就在兩人路過蘇青面前時,那跟組演員臉色微變,推開化妝老師,兩步走到路邊,發出幹嘔的聲音,表情痛苦。
蘇青吓了一跳,反射性扶住她,“你沒事吧!”
她幫女演員順着背,不小心摸到她滾燙的手臂,于是仔細觀察她的反應,訝然道:“她有些發熱,不像是低血糖,應該是凍着了。”
山間風大,蘇青沒想太多,把身上的棉衣脫下來,蓋在她身上,回頭朝化妝老師說:“這種情況還是送醫院比較好。”
副導演忍不住過來查看情況,見她的症狀比想象中的嚴重,臉上露出猶豫,“這……是應該送醫院,但她的角色怎麽辦,她今天安排了戲份的,就扶着孕婦的那個。”
梁導大腹便便,走得慢些,但将場內的意外都看在了眼裏,指揮道:“道具組來兩個人,輪流把病人背下山,趕緊送醫院。”
至于角色,他看了眼蘇青,指着她說:“來不及找別人,她的角色你頂一下,趕緊換衣服化妝。”
蘇青啞然,反射性看向蕭現,拒絕道:“對不起,導演,我不會演戲。”
梁導語氣堅定:“嗐!看他做什麽呀?劇組我說了算,劇情差不多,你就按剛才幫忙時候的表情演,沒問題的,快去化妝吧,趕時間。”
蘇青還記得上次她做劉美欣替身的時候,蕭現似乎有些不高興,盡管導演催促,她還是看着蕭現沒有動。
“阿青,去吧,加油。”蕭現看出她的想法,心裏像是被貓尾巴掃了一下似的,覺得她實在是乖巧的可愛,鳳眼微彎。
其實就算是在梁導的電影裏扮演一個龍套,對于很多人來說都值得炫耀了,更何況這是一個可以露臉的有戲份的角色,不少在場的跟組演員露出羨慕的表情,要不有任務在身,她們也想試試。
“好。”蘇青這才應下了。
表演
已經陷入迷糊狀态的女演員被工作人員背着下了山。
沈景楓的助理接下了蘇青手裏的東西,化妝老師朝她招了招手,笑眯眯地帶她去換裝。
很快,她做好了準備,相比上次做替身只更換了衣服,這次蘇青徹底被改頭換面。
她穿上一件髒兮兮的姜黃色外套,領口有撕裂痕跡,頭發被做成雜亂的效果,小臉抹了層粉,顯得更白了,配上故意畫出的幹澀嘴唇,顯得楚楚可憐,随處一站,就能激起人的保護欲。

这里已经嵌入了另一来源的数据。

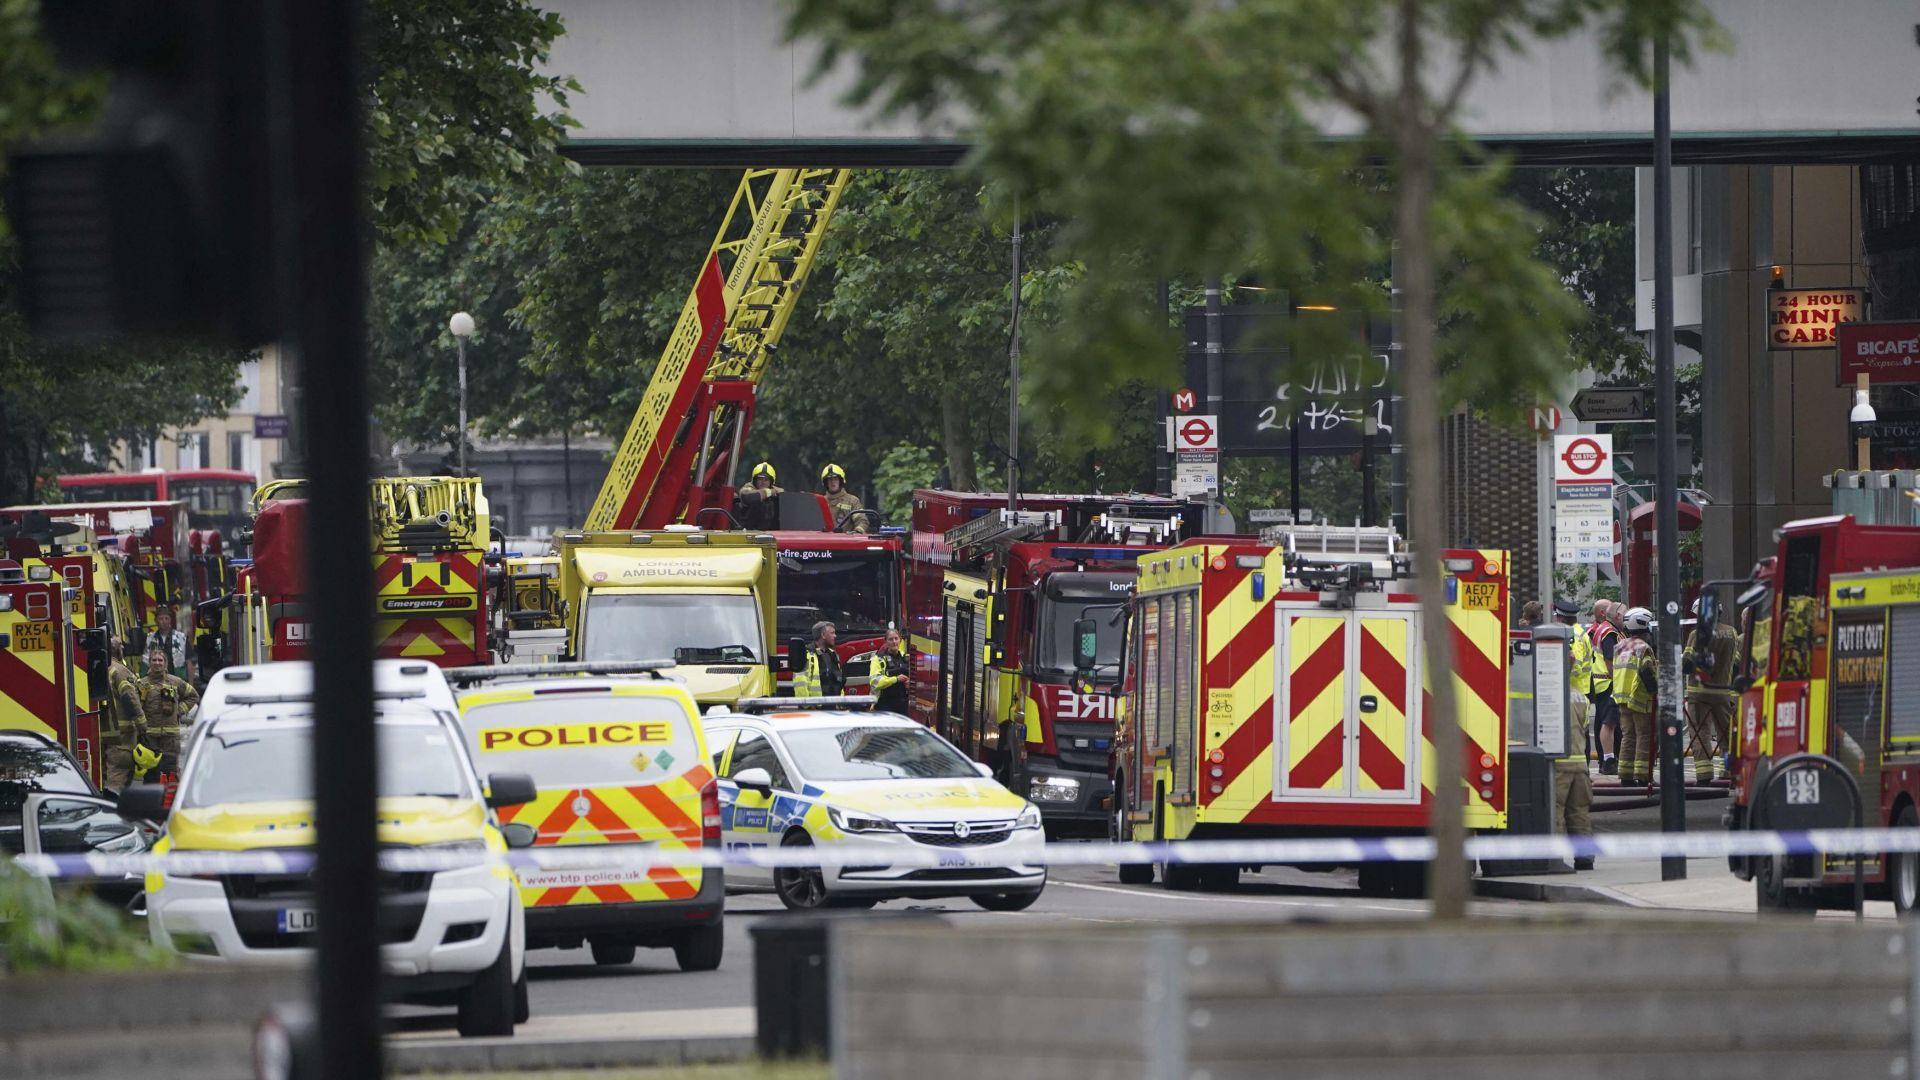 Огромен пожар избухна в близост до метростанция в Лондон (снимки/видео)
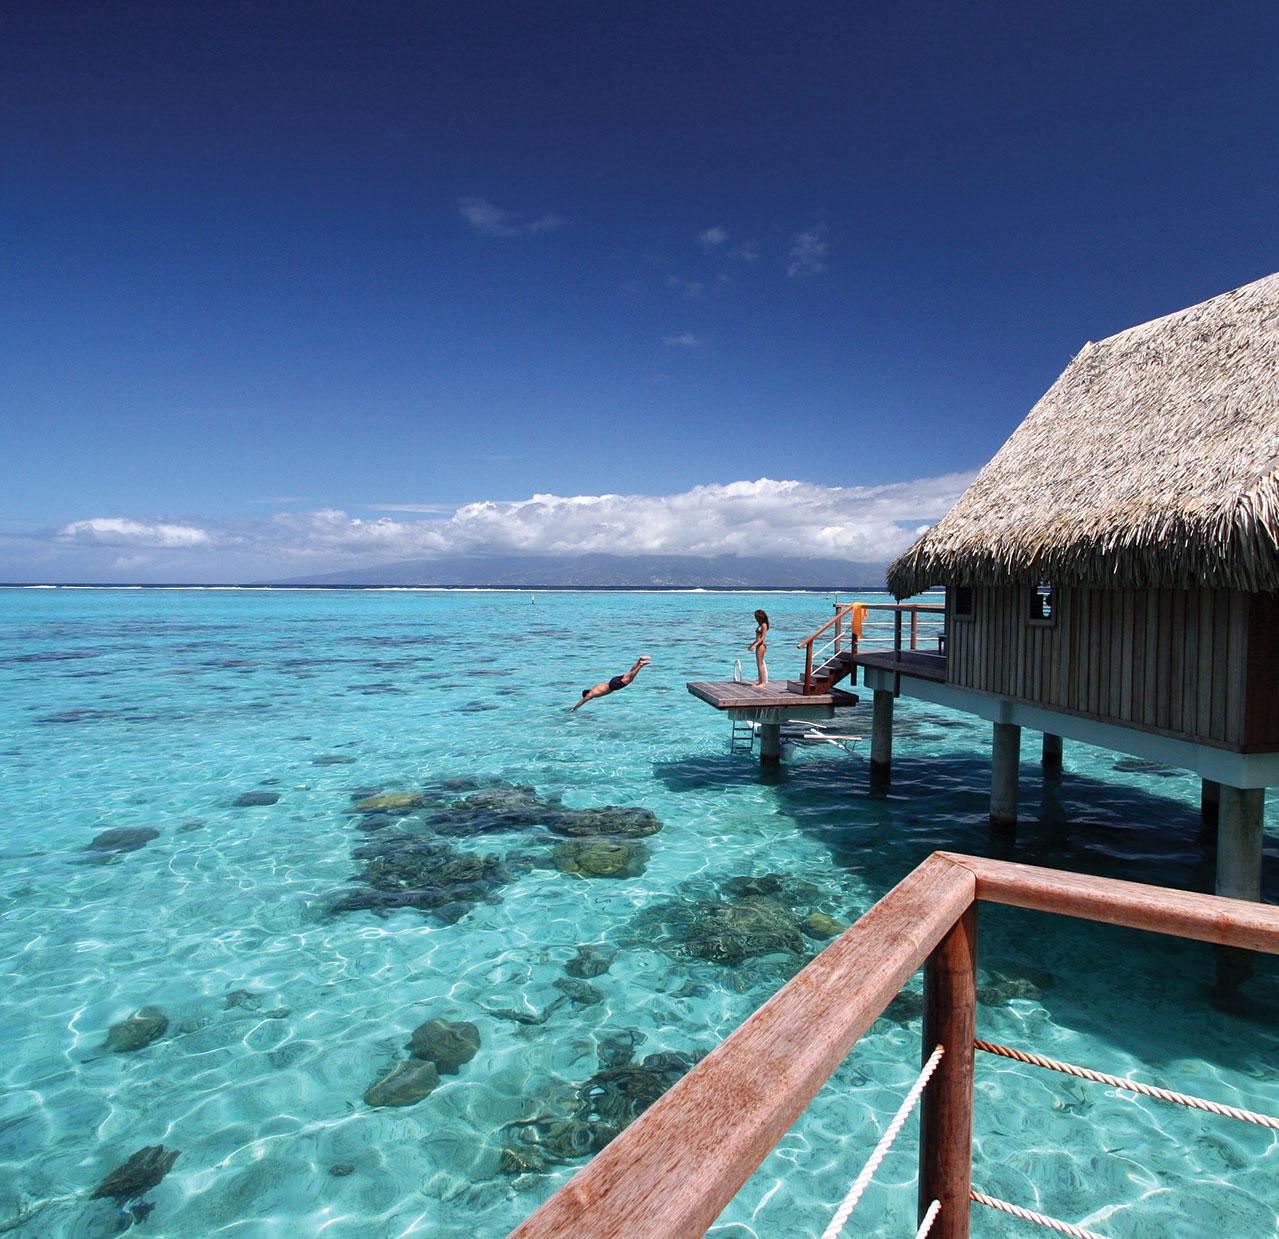 Sofitel Moorea Ia Ora Beach Resort The Tahiti Traveler

化妝老師滿意地點點頭,帶着她回去複命,副導演看了一眼,連誇梁導眼光好,這比起送走的那位效果還要好嘛。
第一遍拍攝時,蘇青有些緊張。
劇情裏,剛才黑鷹和花魁聽到的女子尖叫來自一名孕婦,也就是阿依姑娘的嫂子熱娜。
熱娜已經有五個月的身孕,被一名狂躁想要發洩的歹徒吓壞了,出現早産的先兆。
在談判之前,黑鷹已經和上峰商量好,暫時切斷這塊區域的通信,造成和外界失聯的錯覺。
兩人按照計劃現身與歹徒談判,拖延時間,表示華國同意釋放他們的頭目,但是他們必須停止傷害人質。